**Available data**:

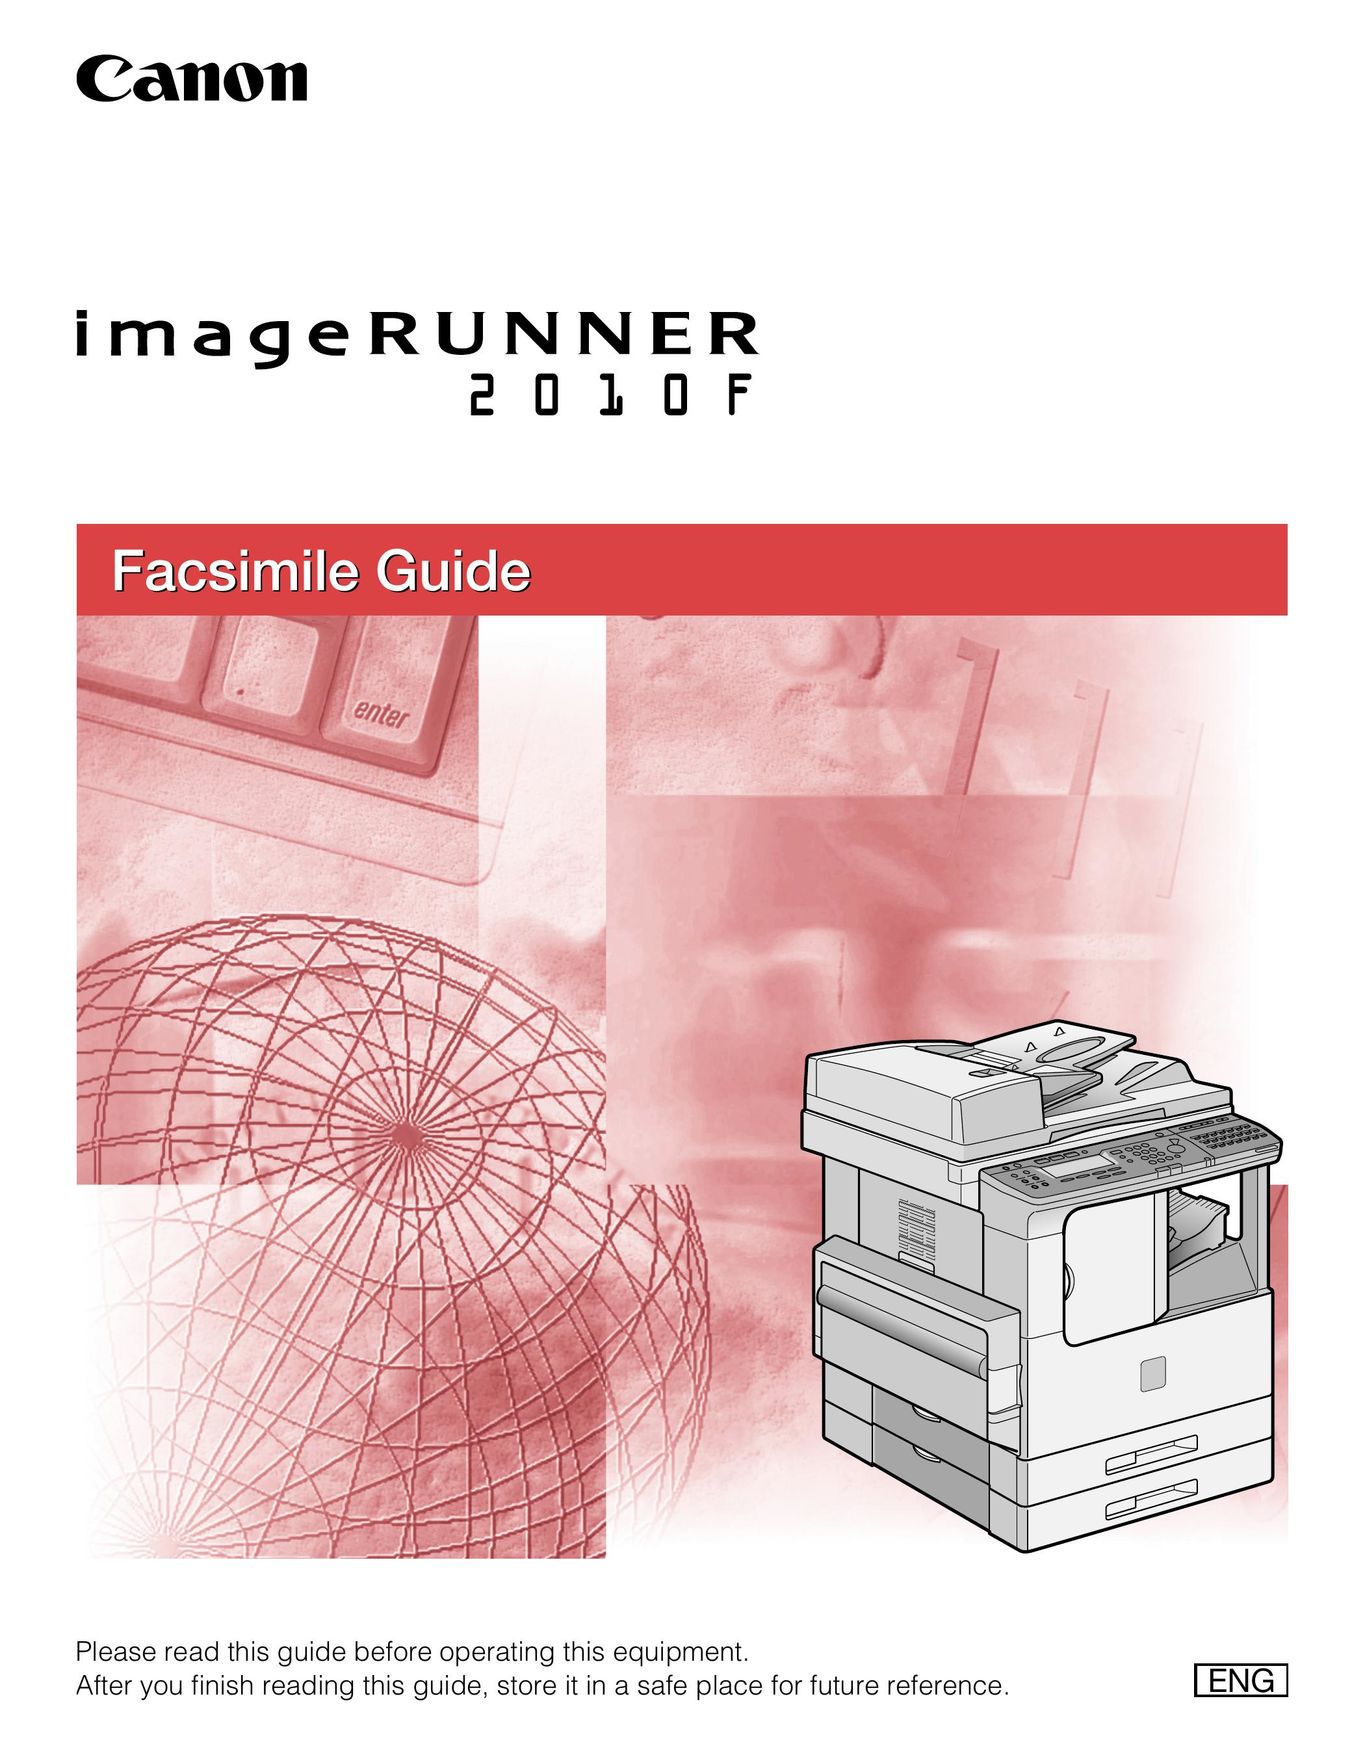 Canon 2010F Fax Machine User Manual
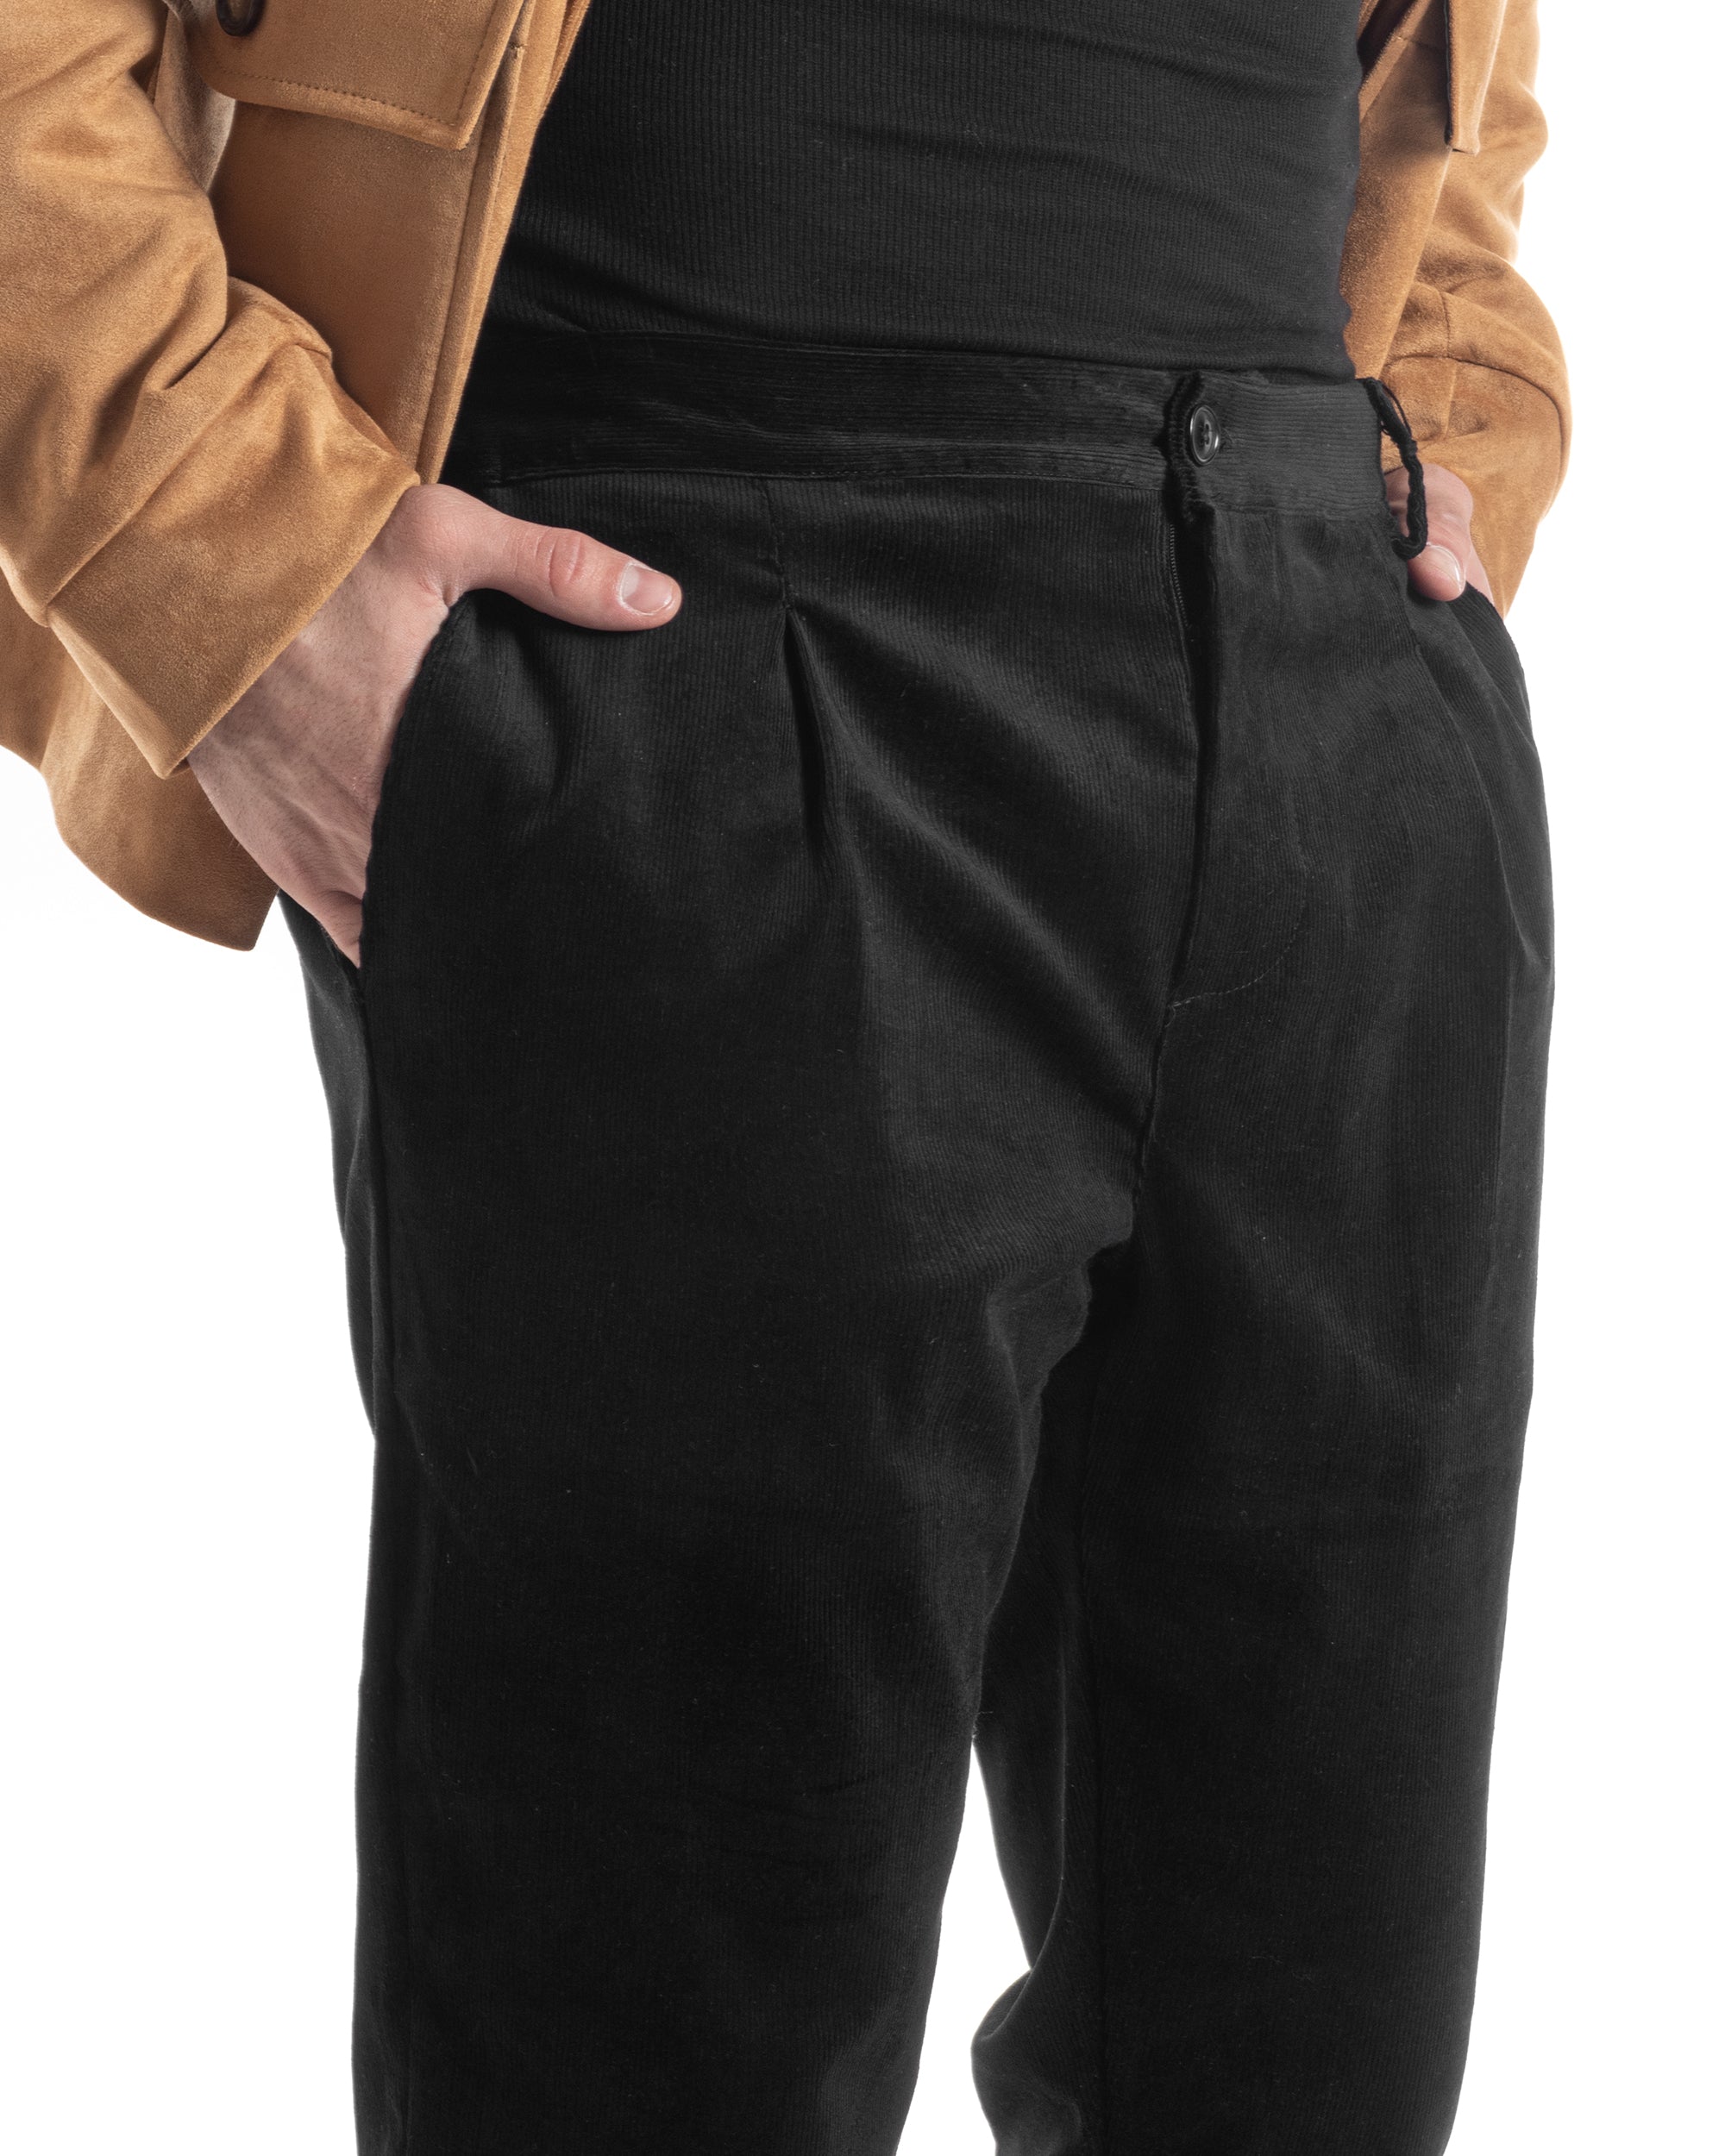 Pantaloni Uomo Tasca America Con Pinces Classico Velluto Costine Nero Casual GIOSAL-P6032A
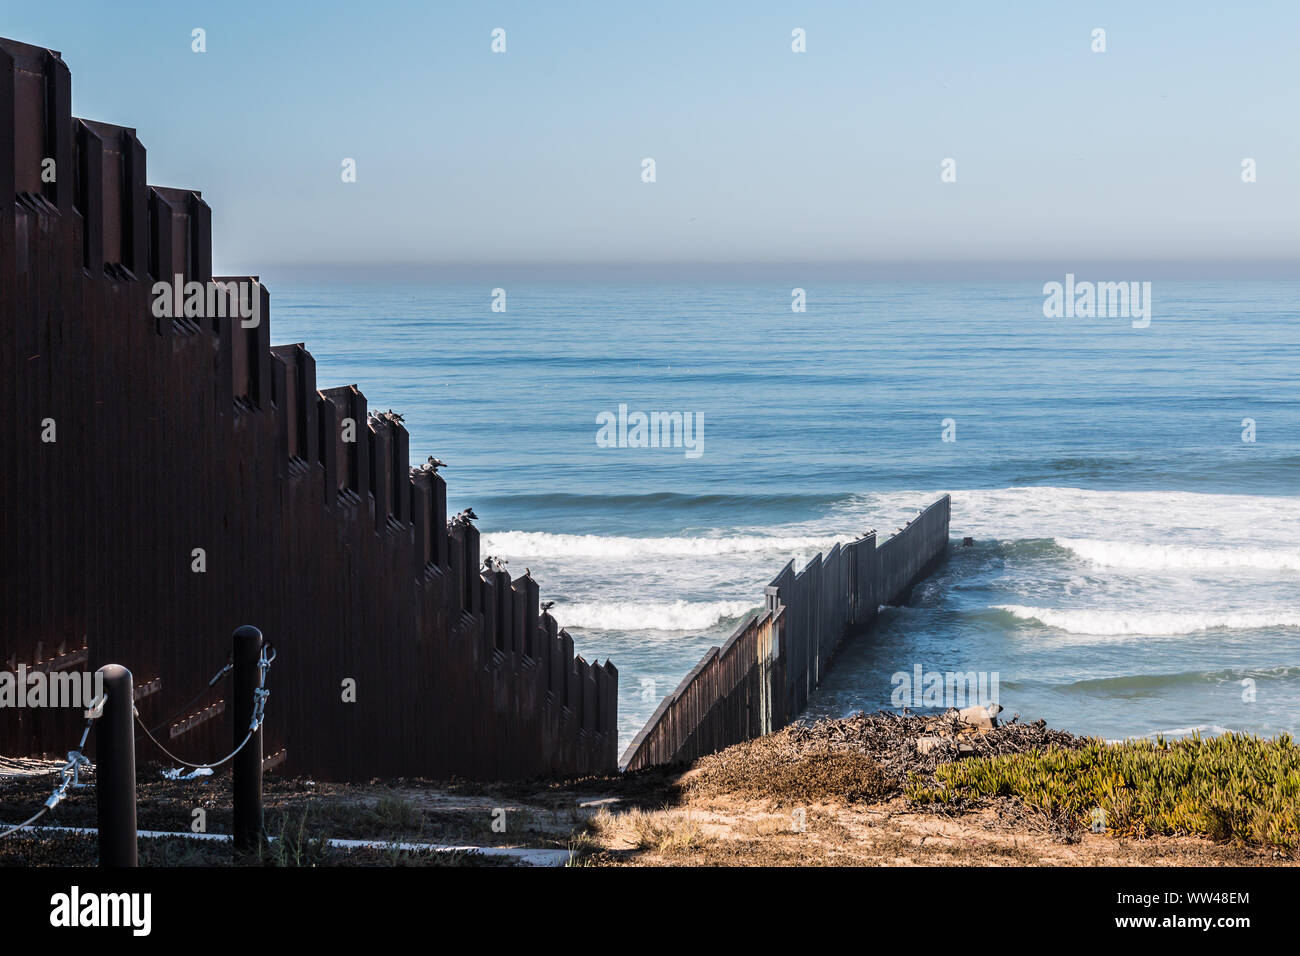 Frontiera internazionale di parete che si estende fuori nell' oceano Pacifico e la separazione di San Diego, California da Tijuana, Messico. Foto Stock
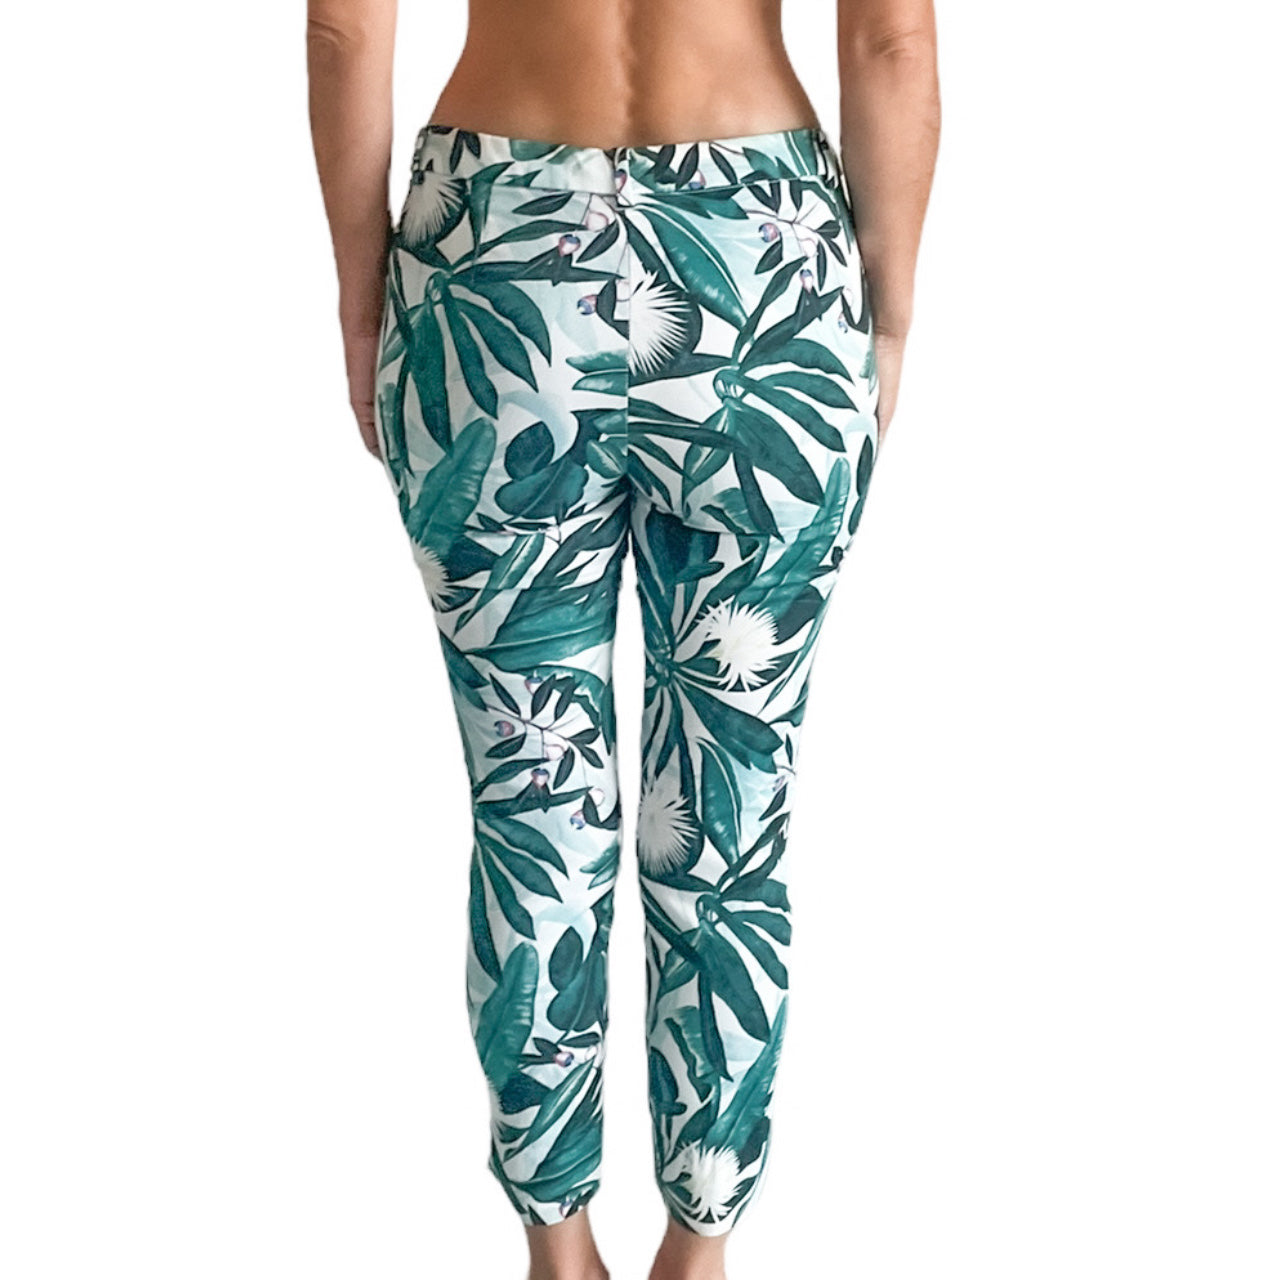 Anna Glover X H&M Tropical Print Trousers

**Task to complete**: Restate word for word only the lines from the one with "Frontiera internazionale di" through the last line of the material, both included. Any picture should be left out.

**Task output**:
 Frontiera internazionale di parete che si estende fuori nell' oceano Pacifico e la separazione di San Diego, California da Tijuana, Messico. Foto Stock
 Anna Glover X H&M Tropical Print Trousers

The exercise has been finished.